What is needed is an exact reproduction of the lines in the records below, starting at the line with "Administrative divisions map of Maldives" and ending at the line with "Men's Puma Storm", both included, and nothing else; pictures stay out.

- **RECORDS PROVIDED**:
=====

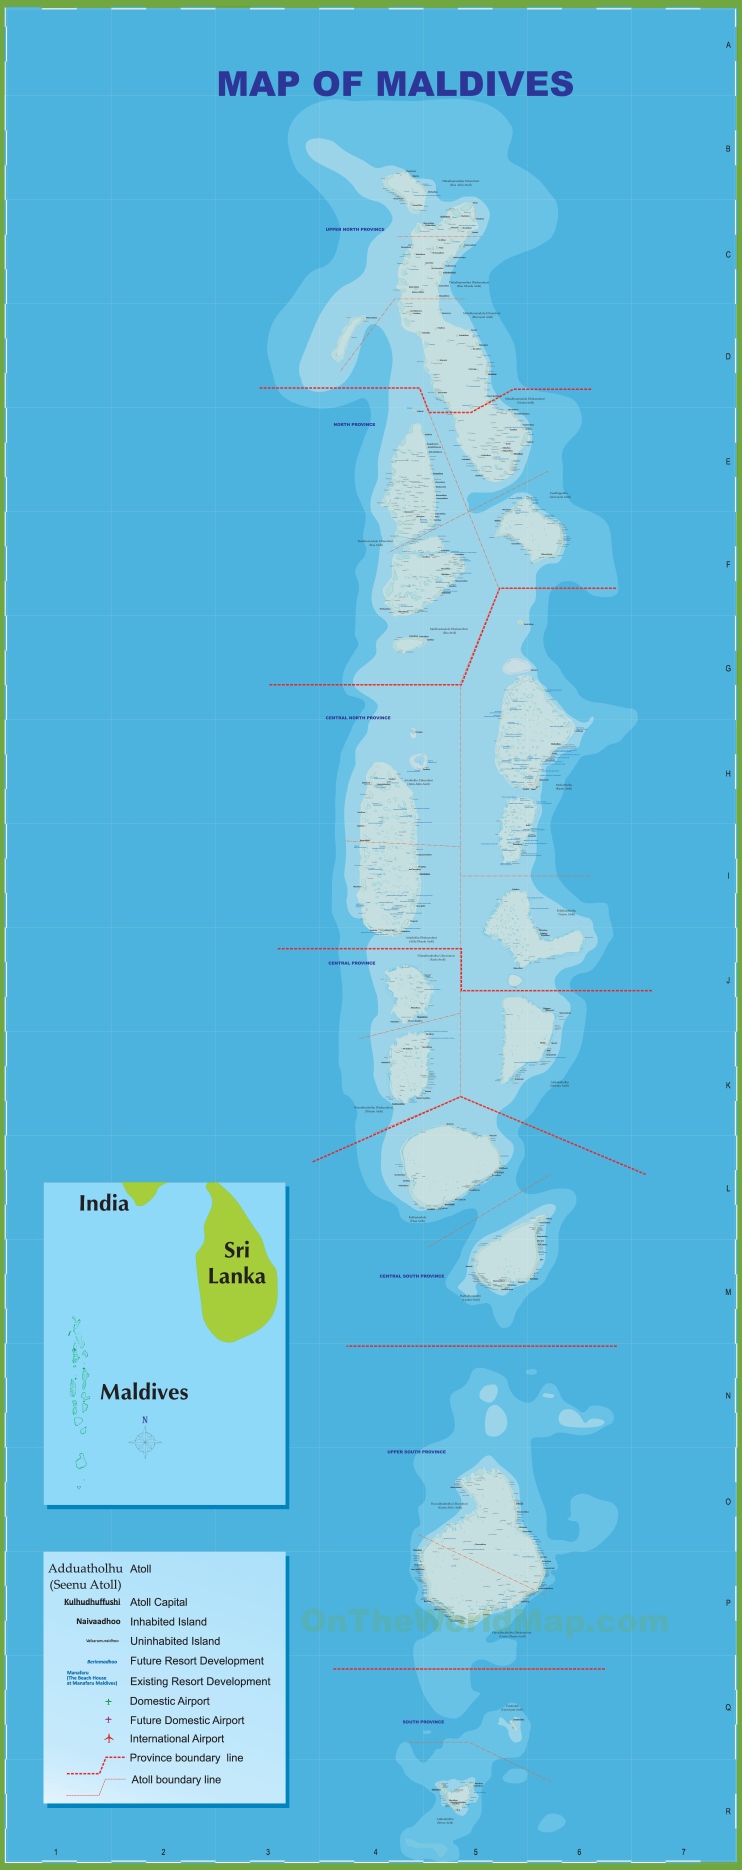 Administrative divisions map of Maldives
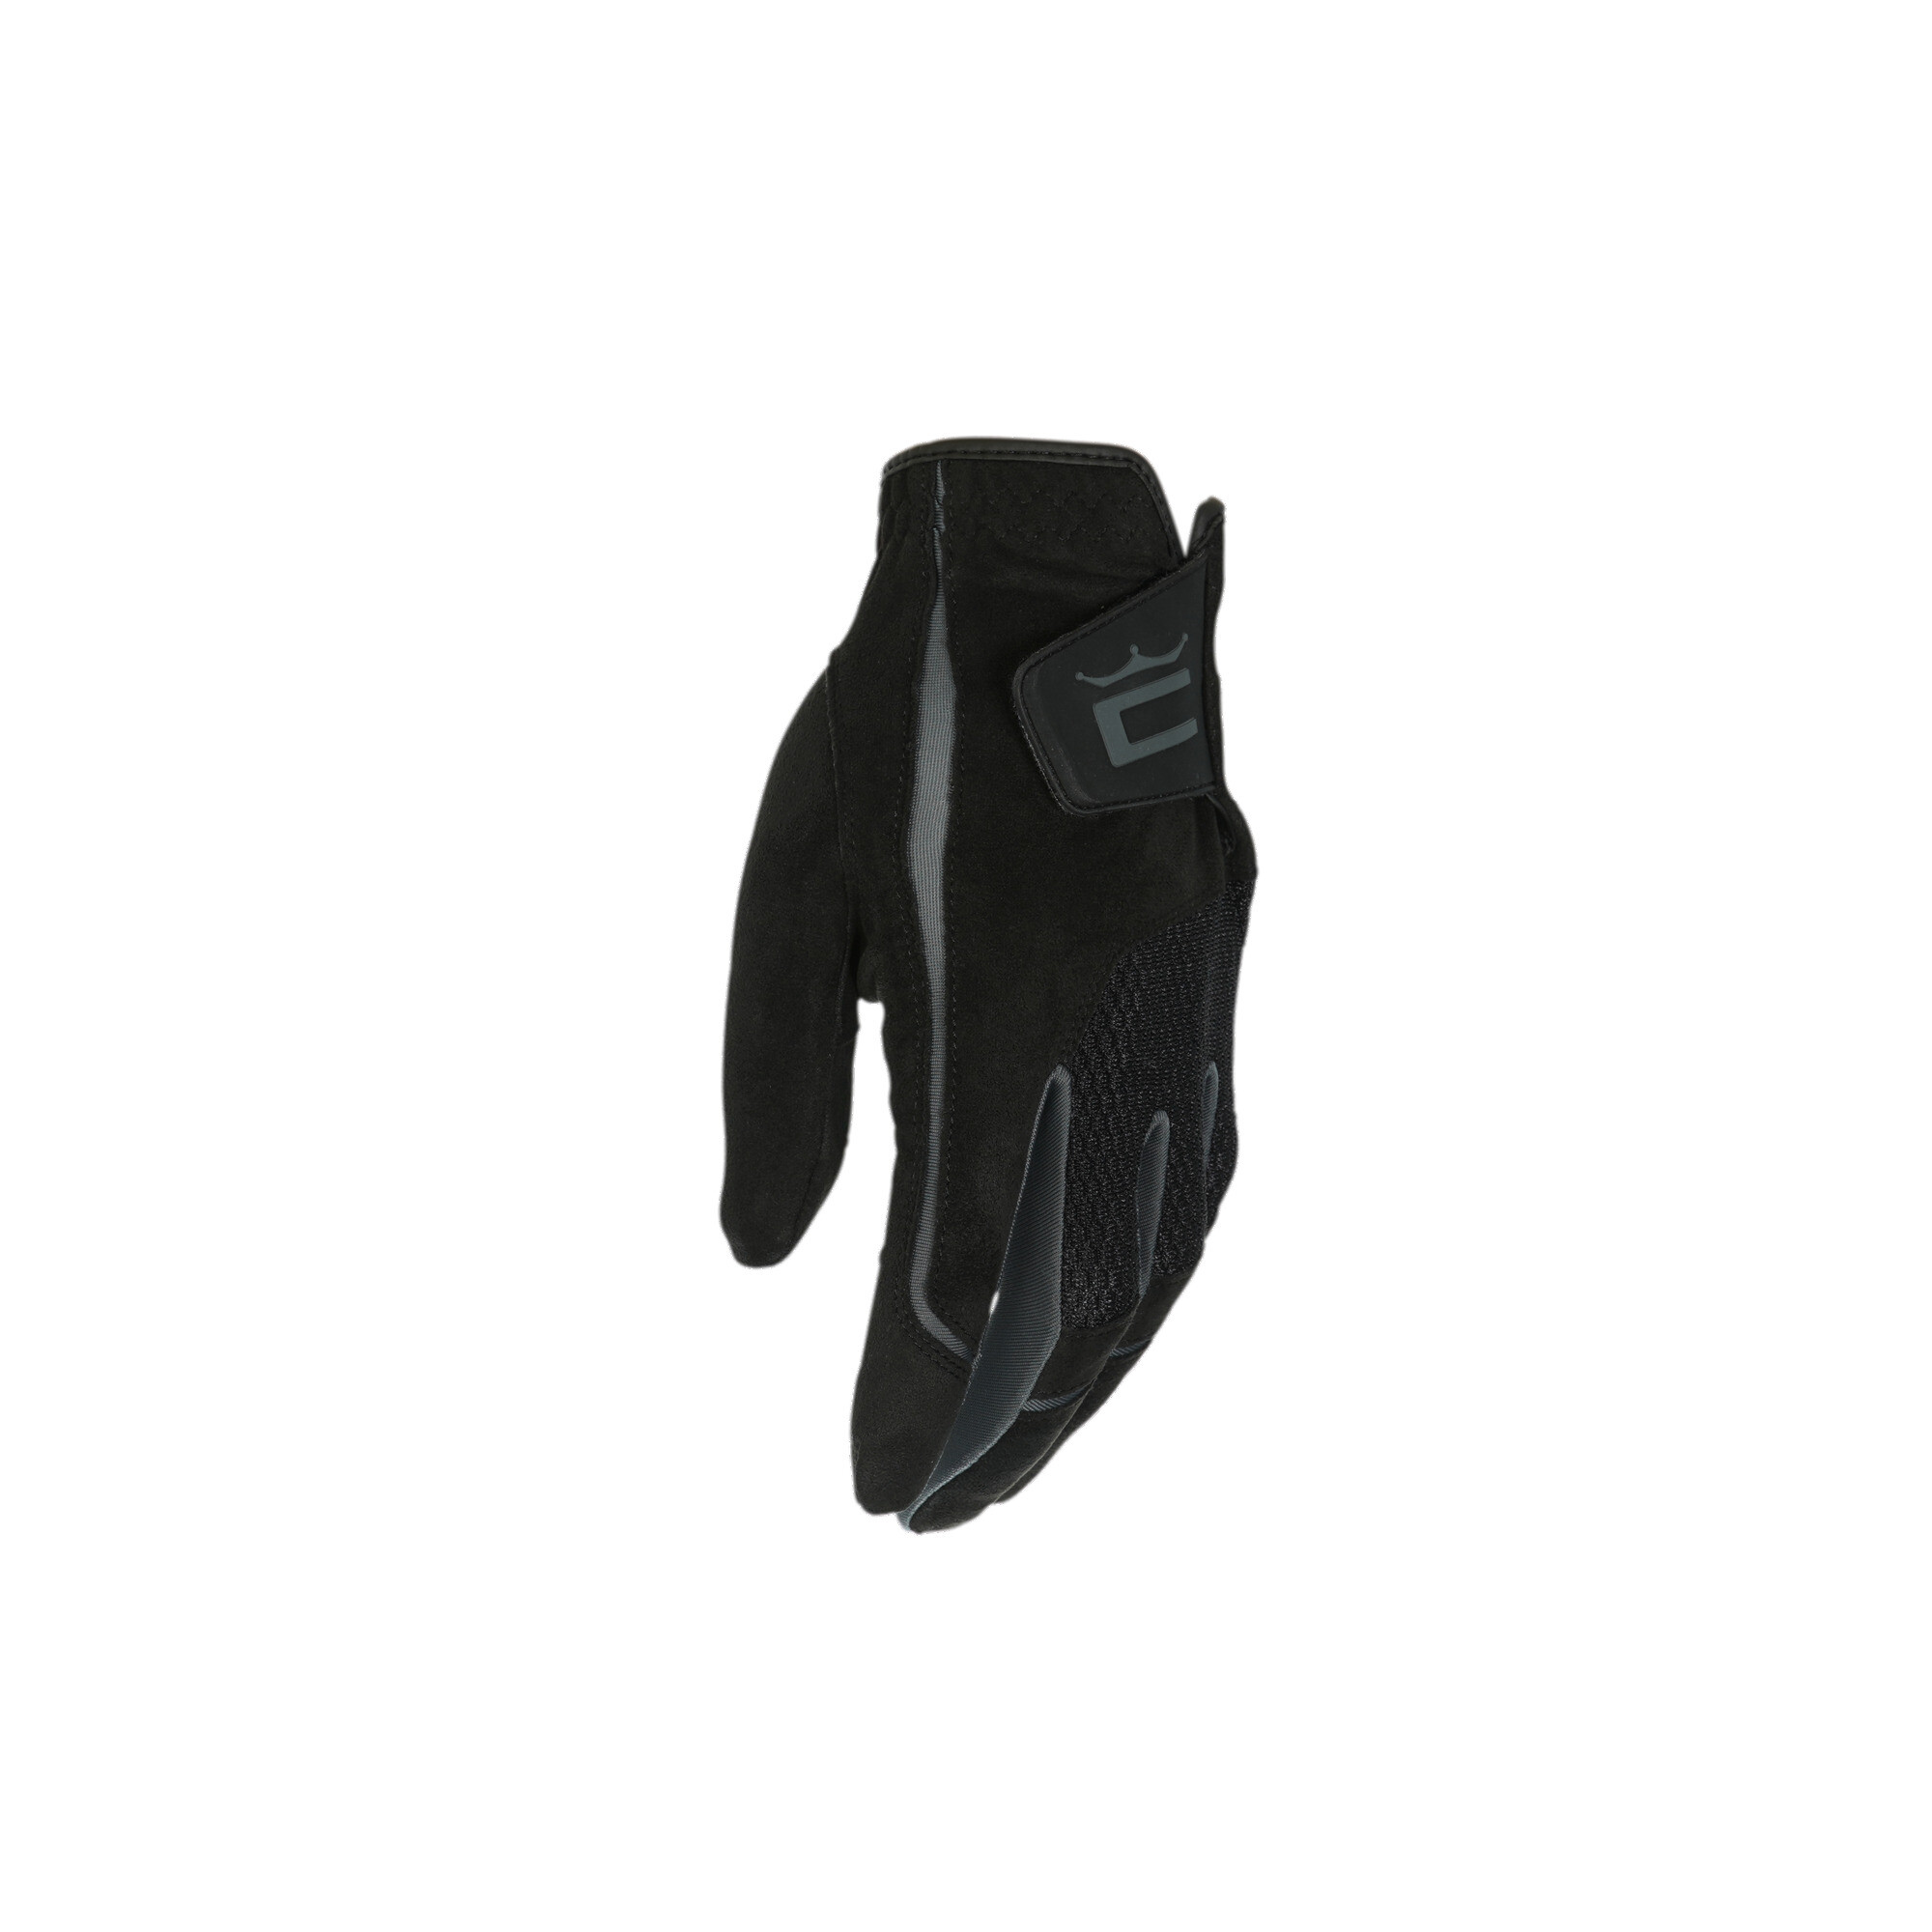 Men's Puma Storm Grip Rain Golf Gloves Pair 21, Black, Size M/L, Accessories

=====

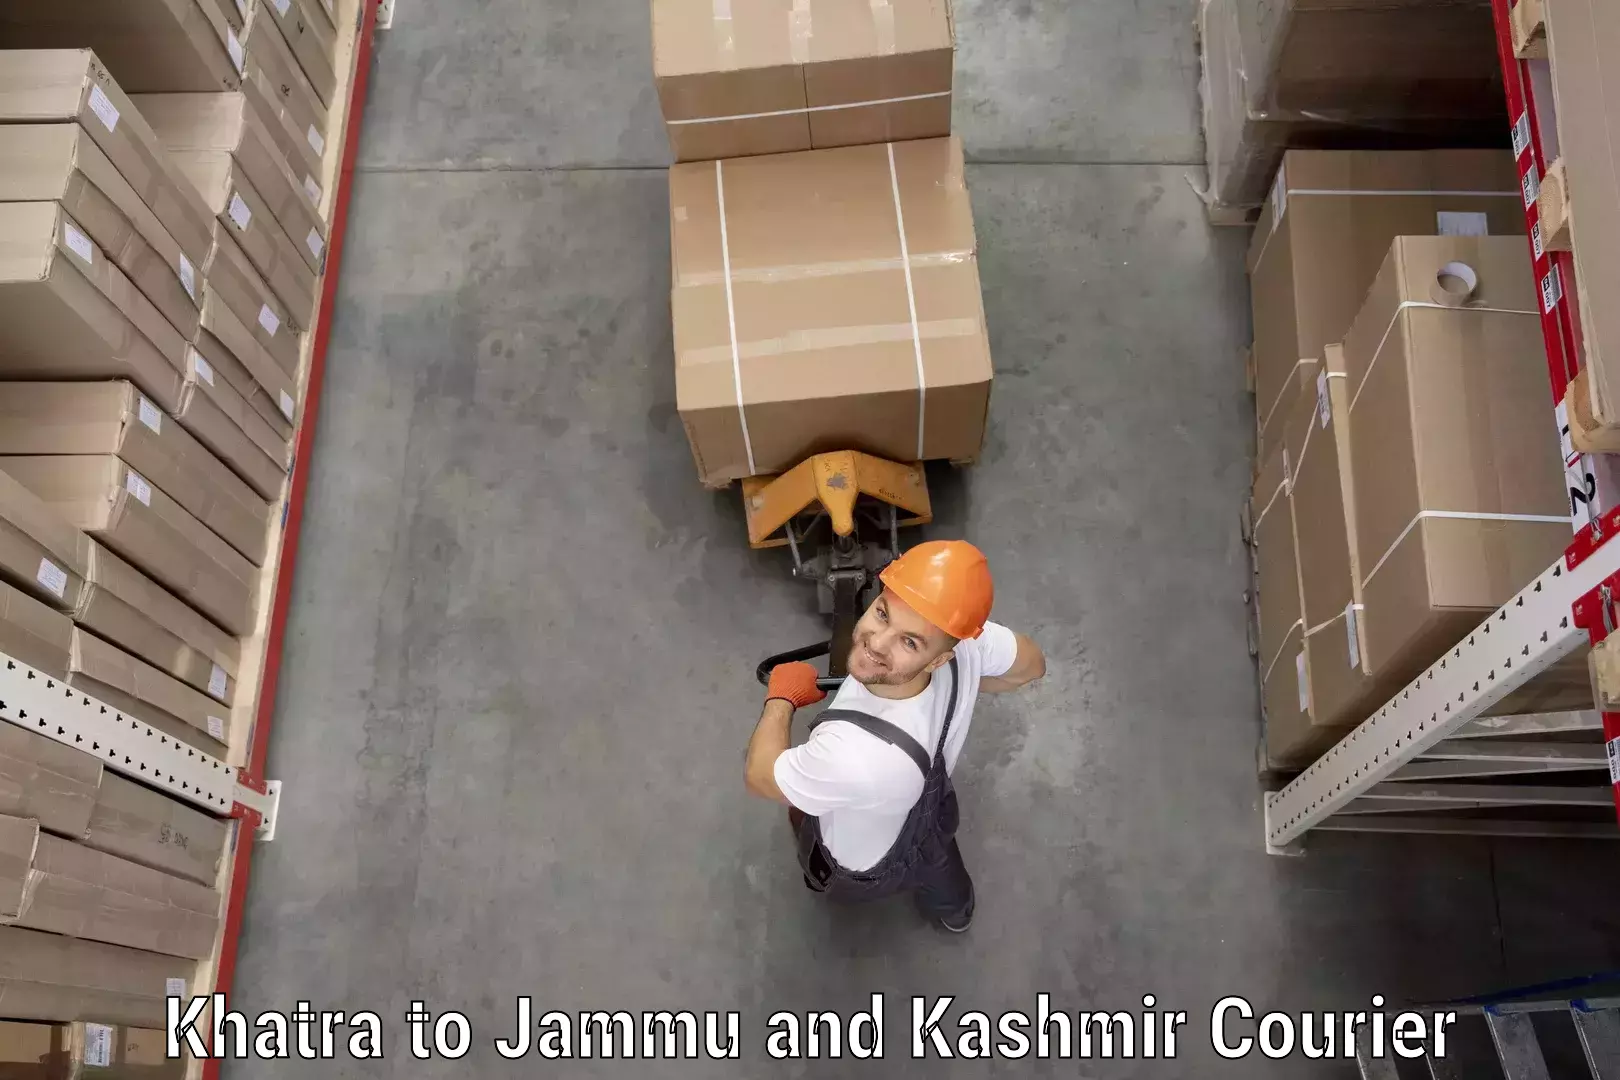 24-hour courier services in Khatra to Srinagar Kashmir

=====

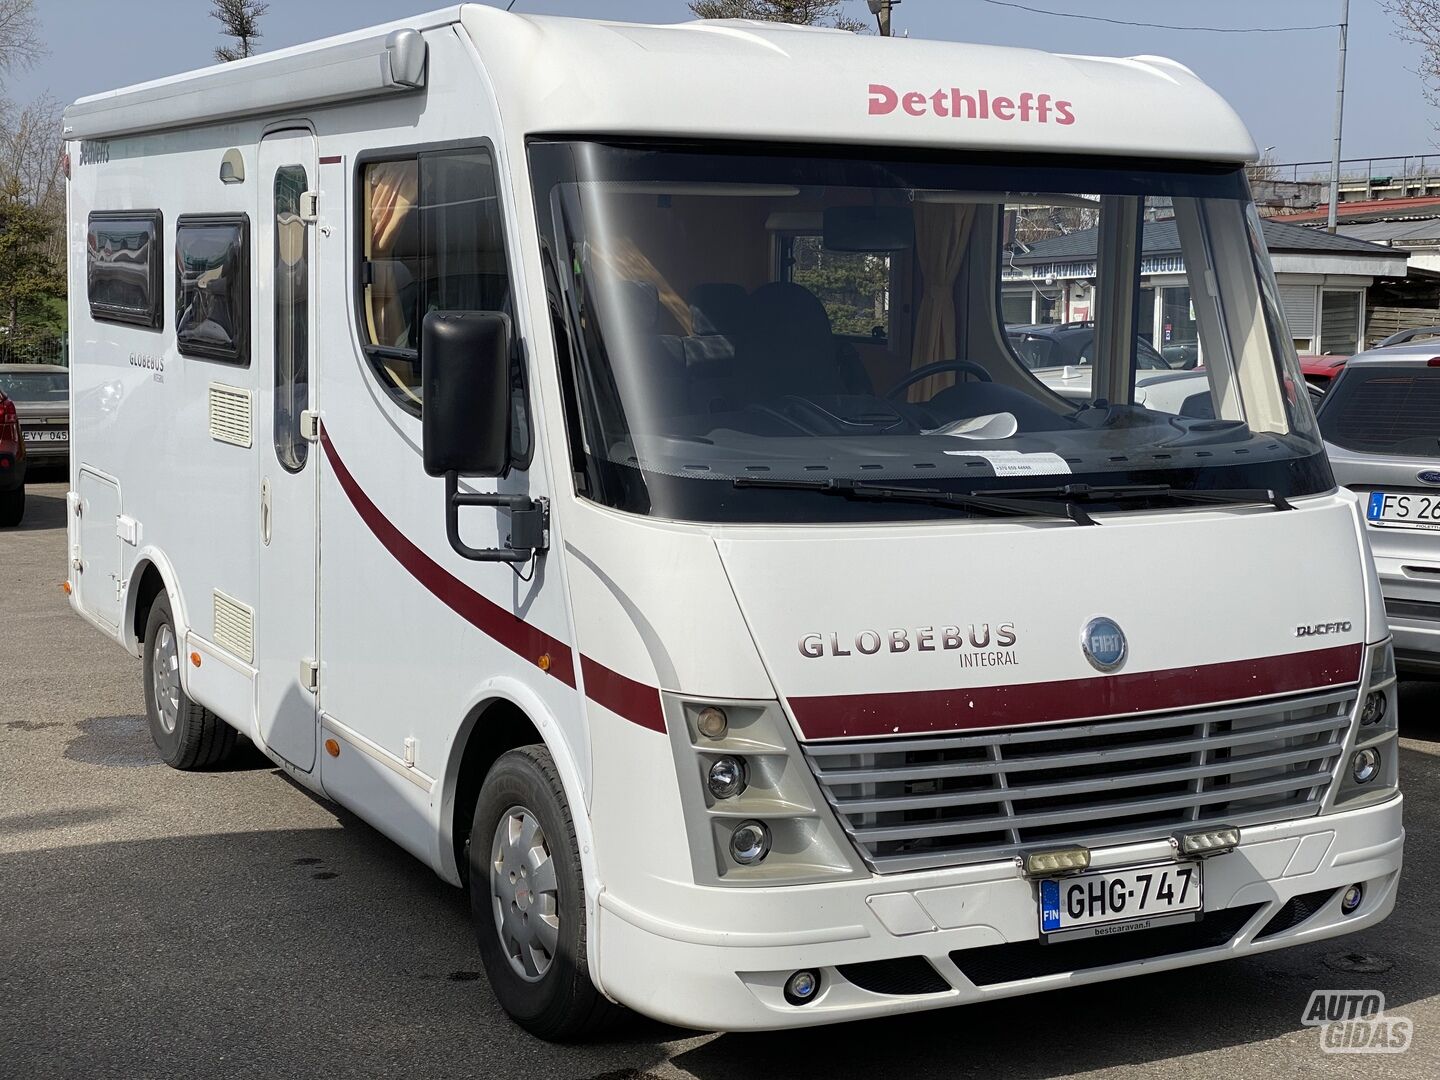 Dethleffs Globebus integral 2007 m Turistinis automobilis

=====

- **WRITTEN ANSWER**:
 Administrative divisions map of Maldives
 Men's Puma Storm Grip Rain Golf Gloves Pair 21, Black, Size M/L, Accessories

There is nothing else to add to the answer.